AdaBoost Classification

This classification begins by fitting a classifier on the original dataset, followed by additional copies of the classifier on the same dataset. The weights of these instances are adjusted according to the error of the current prediction. As such, subsequent classifiers focus more on difficult cases. AdaBoost is a machine-learning algorithm that builds a series of small, one-step (one level) decision trees, adapting each tree to predict difficult cases missed by the previous trees and combining all trees into a single model.

Hyper Parameters:

Parameter Description Data Type Possible Values Default Values
base_estimator The base estimator from which the boosted ensemble is built. If none, then the base estimator is DecisionTreeClassifier initialized with max_depth=1. object Any classification model except KNN Classification model None
n_estimators
(number of estimators)
The maximum number of estimators at which boosting is terminated. In case of perfect fit, the learning procedure is stopped early. int [1, 500] 50
learning_rate Weight applied to each classifier at each boosting iteration. A higher learning rate increases the contribution of each classifier. float (0.0, +Inf) 1.0
algorithm If ‘SAMME.R’ then use the SAMME.R real boosting algorithm. base_estimator must support calculation of class probabilities. If ‘SAMME’ then use the SAMME discrete boosting algorithm. The SAMME.R algorithm typically converges faster than SAMME, achieving a lower test error with fewer boosting iterations. string {‘SAMME’, ‘SAMME.R’} ’SAMME.R’

CatBoost Classification

CatBoost is based on gradient-boosted decision trees. During training, a set of decision trees is built consecutively. Each successive tree is built with reduced loss compared to the previous trees. The number of trees is controlled by the starting parameters.

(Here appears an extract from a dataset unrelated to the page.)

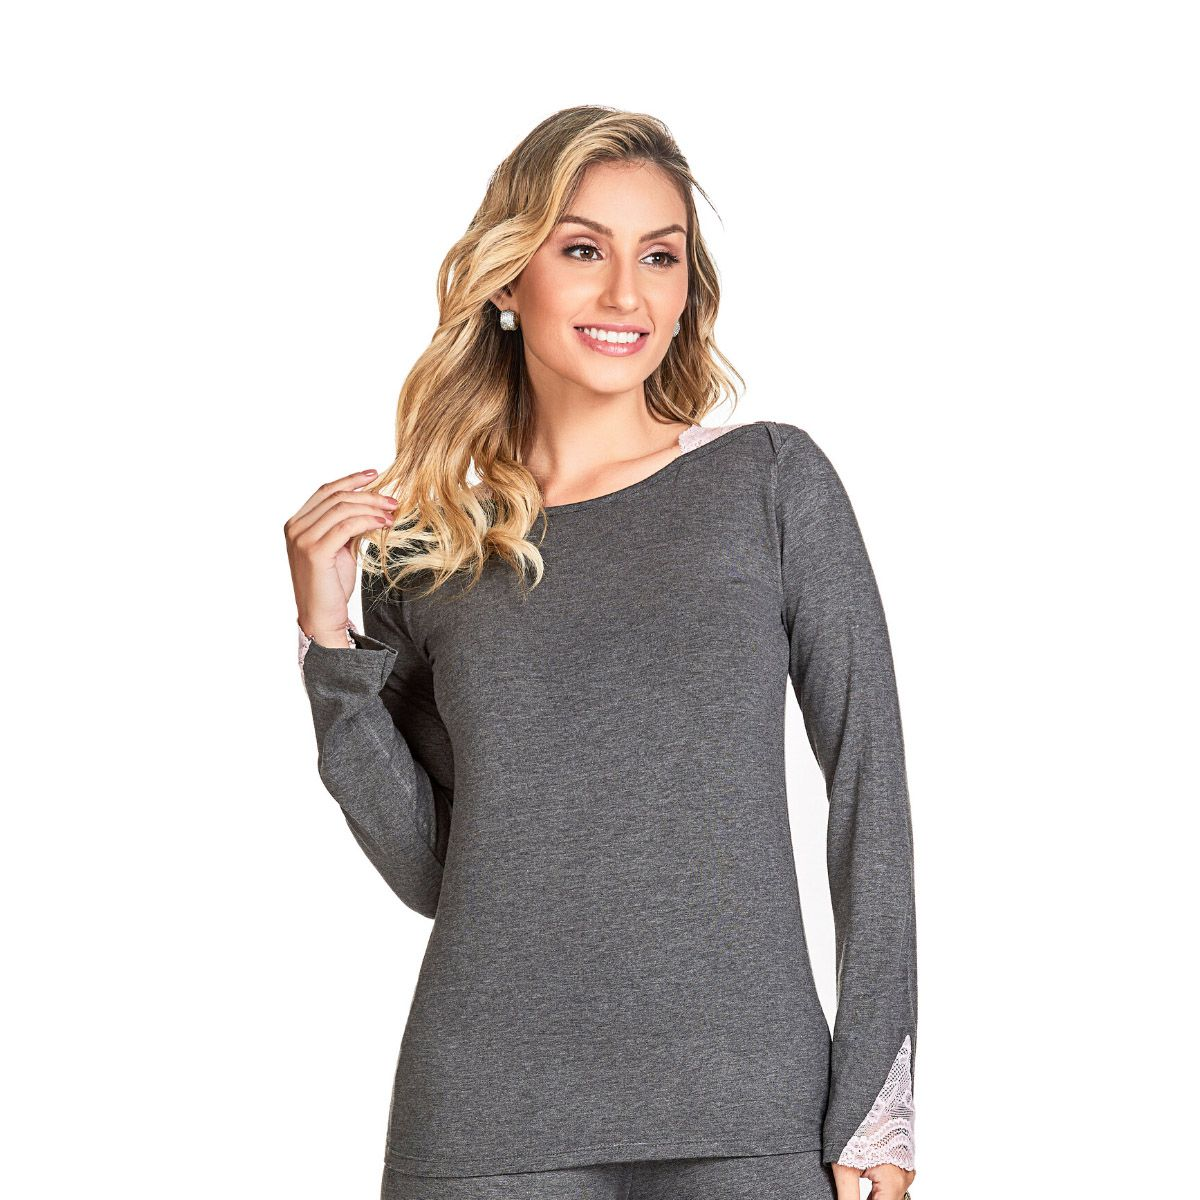 Pijama feminino inverno mescla detalhe renda ombro punho

This classification has much less prediction time compared to others.

Hyper Parameters:

Parameter Description Data Type Possible Values Default Values
learning_rate Used for reducing the gradient step. float (0,1] 0.03
l2_leaf_reg (l2_leaf_regularization) Coefficient at the L2 regularization term of the cost function. float [0,+inf) 3.0
rsm (random subspace method) The percentage of features to use at each split selection, when features are selected over again at random float (0,1] None
loss_function The metric to use in training. The specified value also determines the machine learning problem to solve. Some metrics support optional parameters. string {'Logloss', 'CrossEntropy', 'MultiClass', 'MultiClassOneVsAll'} 'MultiClass'
nan_mode The method for processing missing values in the input dataset. string {'Forbidden', 'Min', 'Max'} Min
leaf_estimation_method The method used to calculate the values in leaves. string {"Newton", "Gradient"} None
score_function The score type used to select the next split during the tree construction. string {L2, Cosine} Cosine
max_depth Maximum depth of the tree. int [1,+Inf) None
n_estimators
(number of estimators)
The maximum number of trees that can be built when solving machine learning problems. When using other parameters that limit the number of iterations, the final number of trees may be less than the number specified in this parameter int [1, 500] None

Decision-Tree Classification

Decision tree builds classification or regression models in the form of a tree structure. It breaks down a dataset into smaller and smaller subsets, while at the same time an associated decision tree is incrementally developed.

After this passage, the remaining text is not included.